It’s an oft-repeated phrase. It’s so ingrained into the culture of relationships and breakups, that it’s become a cliché. I remember when I first heard one of the characters saying it (or something like it) in the 1939 classic The Women. I believe the actress was Rosalind Russell (as Sylvia Fowler) and the line went something like: “I gave Howard Fowler the best years of my life.”
When I saw my own marriage end, I found myself thinking of that very phrase over and over again. But what did it mean? What had I given my ex? What had I lost?
When the other women ask Sylvia what she lost, she replies: “my youth,” but I wasn’t really worried about that. And it’s not because of that old saying about men getting better with age. It seems to me that most people – men and women — seem to be aging better today than they did in the era of The Women.
Did I give up happiness? No. I realized the happiness — even the happy moments I had shared with him —would be mine to enjoy from time to time as memories.
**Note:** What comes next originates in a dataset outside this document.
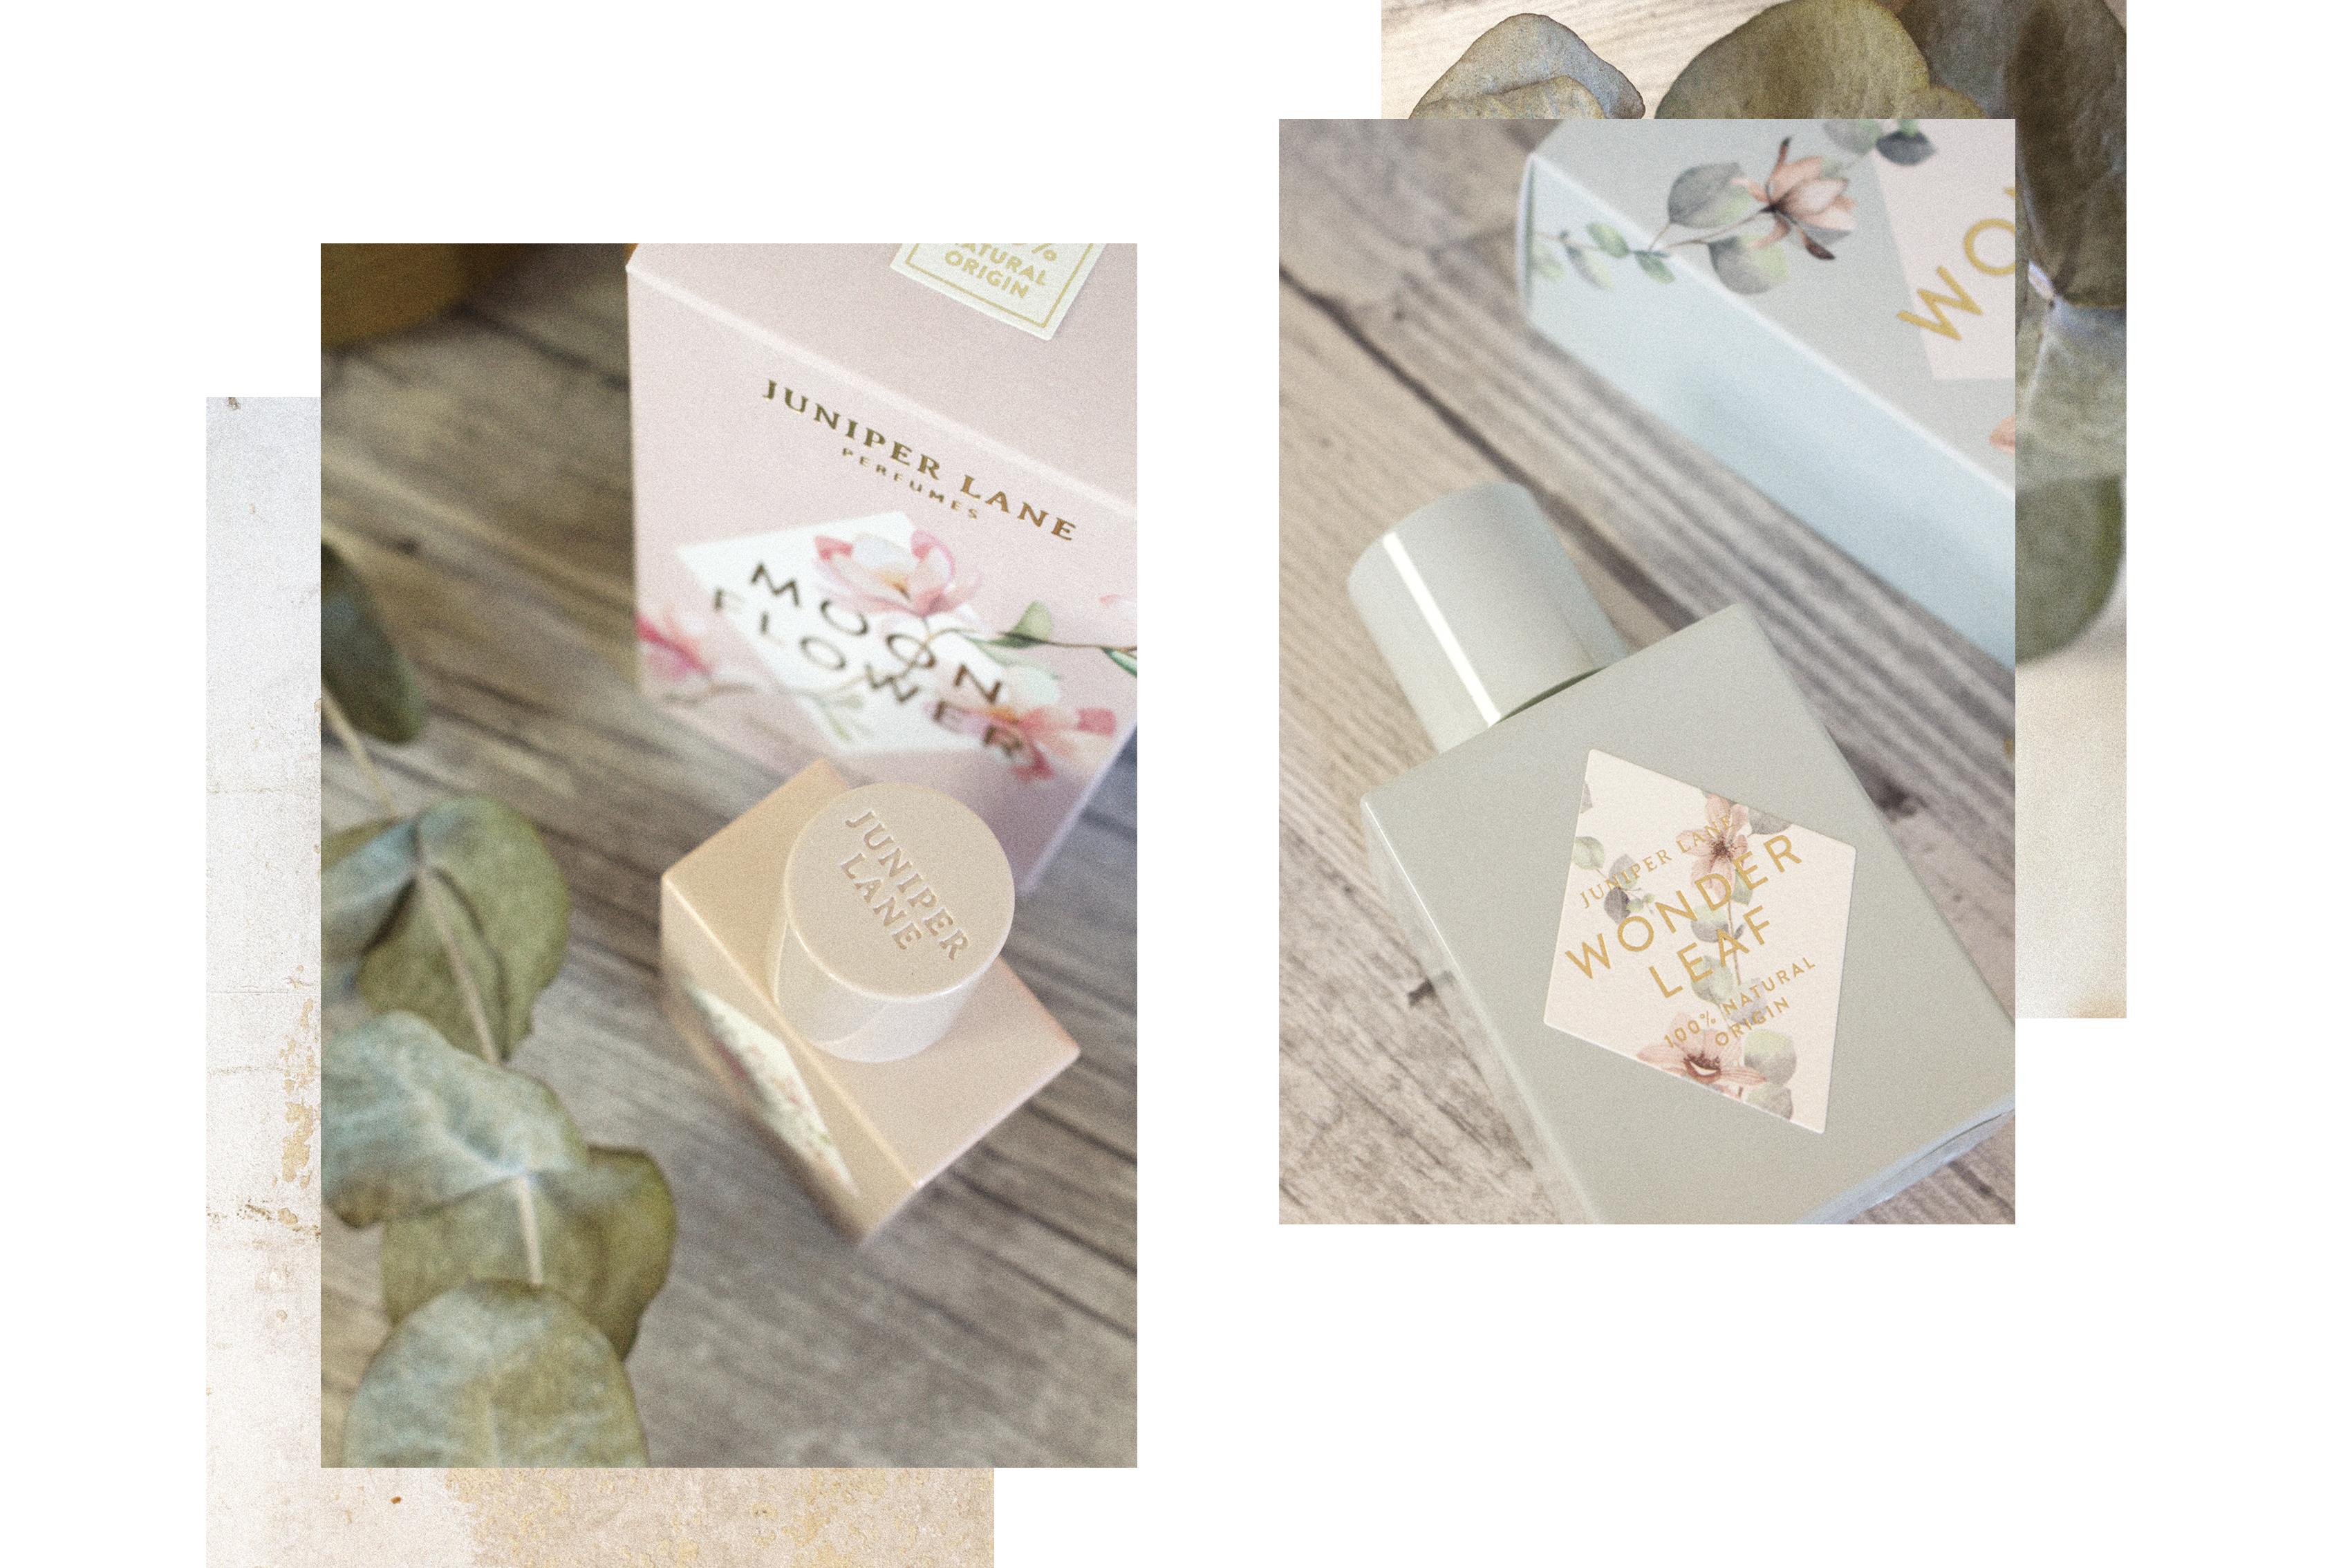 Juniper Lane Parfums Moonflower und Wonderleaf Verpackungen und Flakons

So they weren’t gone.
Nevertheless, the phrase still resonated with me: “I gave him the best years of my life.” I would catch myself saying it over and over in my head — almost reflexively. Finally, about six months after the breakup, I realized what it meant to me. It wasn’t about losing my looks to age or the good times we’d shared together. It was about the fact that in those five years I went from being socially active to someone with a very limited group of friends. I feared my days of being surrounded by a big, boisterous crew (as I had been before him) were gone. What if I was now too old to make new friends? To get invited to parties? To meet people downtown for drinks? I was worried I had given him the last of my friend-making years.
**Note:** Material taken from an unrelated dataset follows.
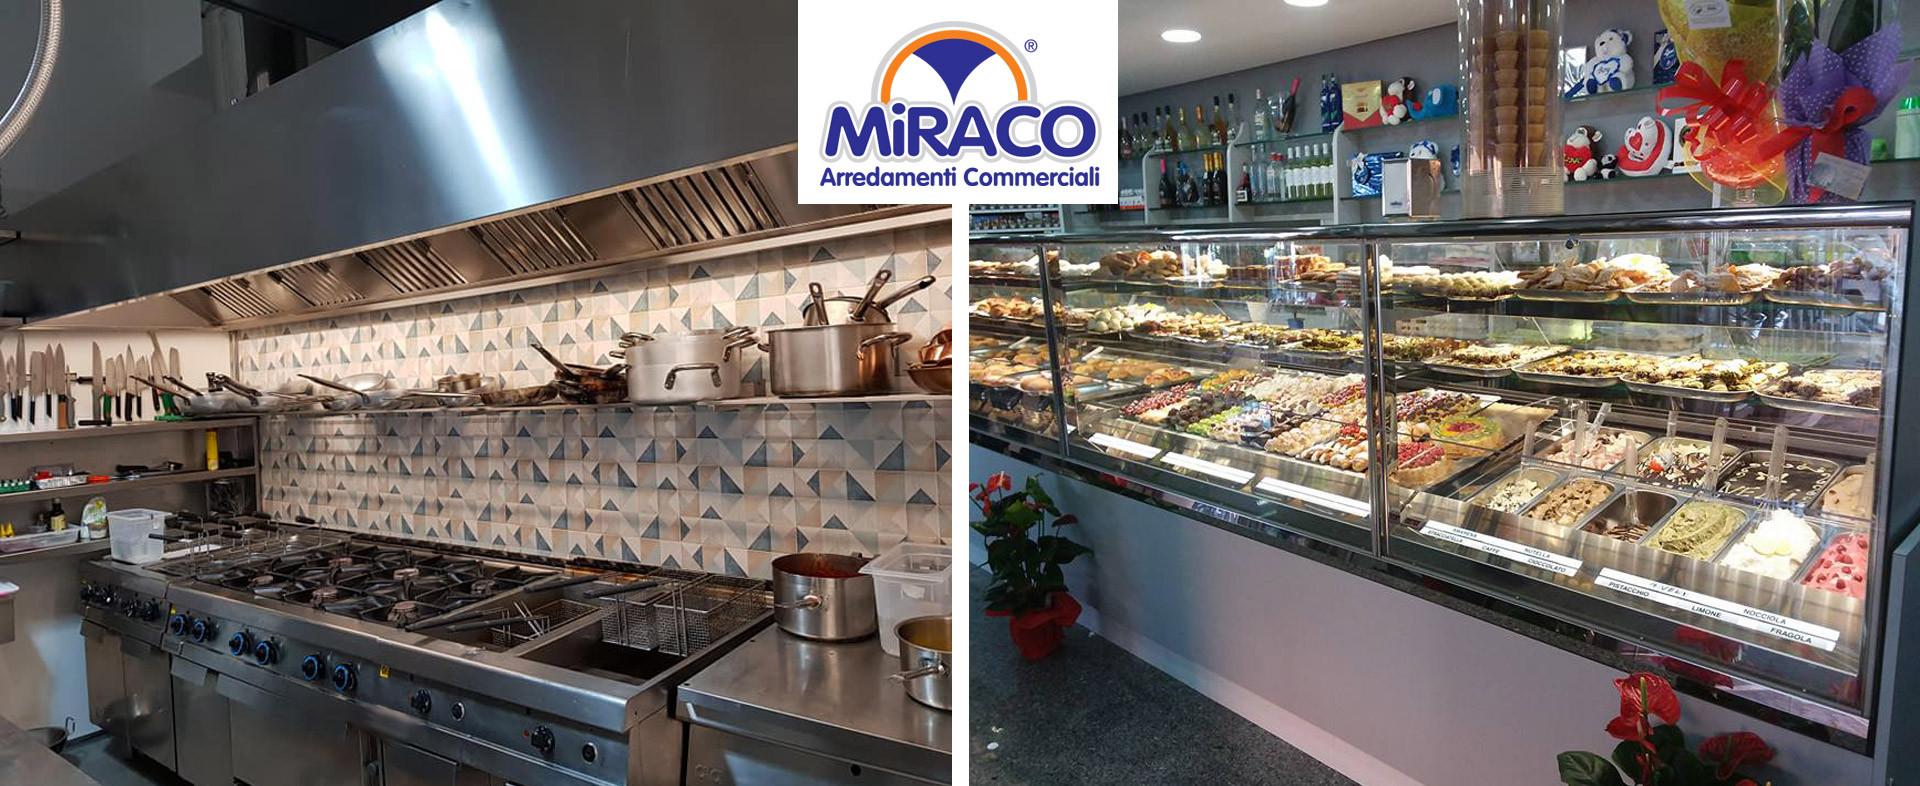 Miraco_slide.jpg

They say it’s harder to make friends after 30. When I met my ex, I was still regularly getting together with gay friends and talking about boys. Was I now too old to do that? More importantly, would there be anyone left to do that with? Was that all gone?
Now, a year and a half after my breakup, I’m happy to say: it is not gone. I have made friends: We go to movies. We meet for drinks. We talk about boys. Happily, I have realized that I did not give up the best years of my life. I’m living them now, again, anew, and better than ever. And it’s worth noting that — had my ex not left me, I might never have gotten these years back.